У ворот встретил его улыбающийся Санька.

— У нас пряники пекли, — радостно сообщил он и достал из кармана румяный красивый пряник, похожий на скворца. — Хочешь?

— А у нас конфеты шоколадные, я десять штук съел и пять взял в карман, — сказал Юра, понимая, зачем его прямо у ворот встретил Фома, засунул руку в карман, ища там несуществующие конфеты. — Никак, Цыбулька спёр. А были. Не хочу я пряника. Я не голодный. Мы же не бедные. Мама в воскресенье печёт хлеб, а пряник — тоже хлеб, только с сахаром. А вот на речке, Фома, ты ни разу не был.

— Будто ты был?

— Обещают. Отец возьмёт, раз сказал.

— Обещанного три года ждут. Законно! Какая она, река-то?

— Длинный котлован, только вода течёт.

— А как вытечет?

— Не вытечет. На сто лет хватит, у неё воды уйма.

Они шли, болтая о том и о сём, но о главном, ради чего Санька встретил Юру у ворот, он спросил у самой школы.

— Про вчерашнее забыл?

— Ничего не забыл. У меня есть план. Во какой! Генеральный!

— Какой, говоришь? План? Врёшь?

— Нужда была. Когда я врал, когда? Ну что-то ты не вспомнишь?

— Да об чём же план? — сгорал от любопытства Санька.

— Сейчас не могу. Кровавая тайна. Если скажу, кровь, наверное, прольётся. А план во! Здорово я придумал! У него только усов нет. Пошли в класс.

— У кого нет? — остановился Санька, но Юра не стал рассказывать.

Санька положил пряник в карман и поплёлся вслед за Юрой, не зная, чем бы таким задобрить его, чтобы вызнать тайну. Глядел Юре в затылок и мучительно пытался отгадать, ну что же это могло быть. А Юра со своей тайной был для него полной загадкой. Санька в конце концов решил, что Юра хочет так отличиться, чтобы о нём заговорила вся школа.

Юра сидел у окна. На удобном месте стояла его парта. Вон по улице на газике проехал председатель сельсовета.
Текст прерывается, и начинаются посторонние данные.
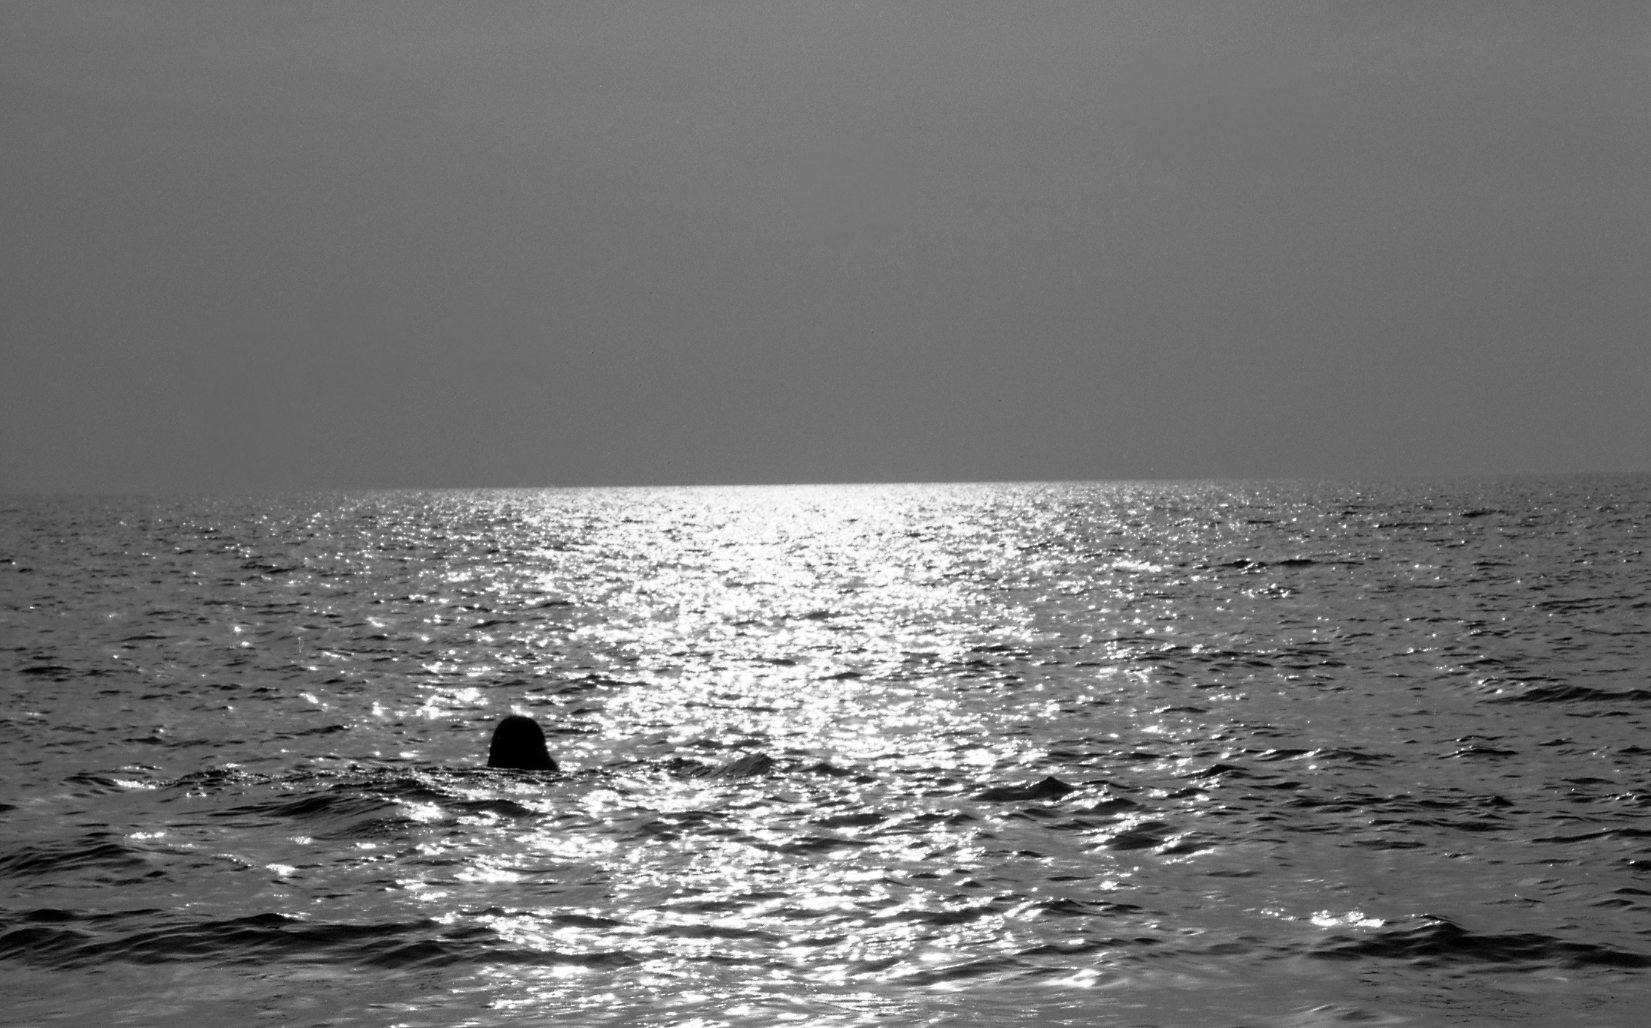 Robin Rice Black and White Photograph – Woman Swimming, Cala Violina, Grosseto, Italien, 2002

Юра глядел в окно и мечтал о прочитанном, о том, как хорошо быть заметным, великим человеком. Идёшь по улице, на тебе новые штаны с карманами спереди и сзади, новая рубашка с двумя карманами, идёшь чинно, торжественно, ласково улыбаешься, смотришь на всех и видишь каждого насквозь, а в голове у тебя множество интересных мыслей, ты даришь их людям, а в голове у тебя их всё больше и больше. А ты говоришь красиво, вежливо. Интересно, а этот Жюльен был лётчиком?

— Юра Бородин! — спросил учитель, но Юра, размечтавшись, не расслышал. — Юрий Бородин!

Юра медленно, нехотя встал, но всё ещё находился под впечатлением только что прочитанного:

— Я вас слушаю.

— Ты здесь? Мысленно ты находишься не в классе, Юра. Вернись в мир реальный, земной.

— Да. Разрешите сесть?

— Садись, Юра.

— Благодарю вас, глубокоуважаемый Захар Никифорович. Я весьма вам признателен, досточтимый Захар Никифорович.

— Что? — спросил учитель, положил ручку и удивлённо поглядел на Юру. — Что ты сказал? Где ты находишься, Юра? Юра Бородин! Скажи мне? Ты опять читаешь недозволенную детям литературу? Ты живёшь в воздушном замке, Юра. Кто тебе даёт такие книги?

По классу прокатился лёгкий смешок. Все глядели на Юру.

— Мы же, Юра Бородин, не в благородном собрании, а на уроке. У нас тяжёлая, но необходимая работа по познанию жизни, а ты отвлекаешься. Учиться — значит познавать жизнь. Правильно говорю, ребятки?

— Правильно! — раздались голоса, а громче всех сказала Соня Кенкова.

— А тебя, Юра Бородин, после урока вызывает завуч, — сказал учитель, дочитал до конца список учащихся и вызвал к доске Мишу Марчукова.

Юра завидовал Марчукову, который был в Омске и видел там танки, электровозы, самолёты, легковые машины, говорит, ракету видел в метре от себя, только не стрелял, а главное, купался в реке Иртыш. Вот прежде всего чему завидовал Юра. Ему ни разу не приходилось видеть речку, разве только в кино.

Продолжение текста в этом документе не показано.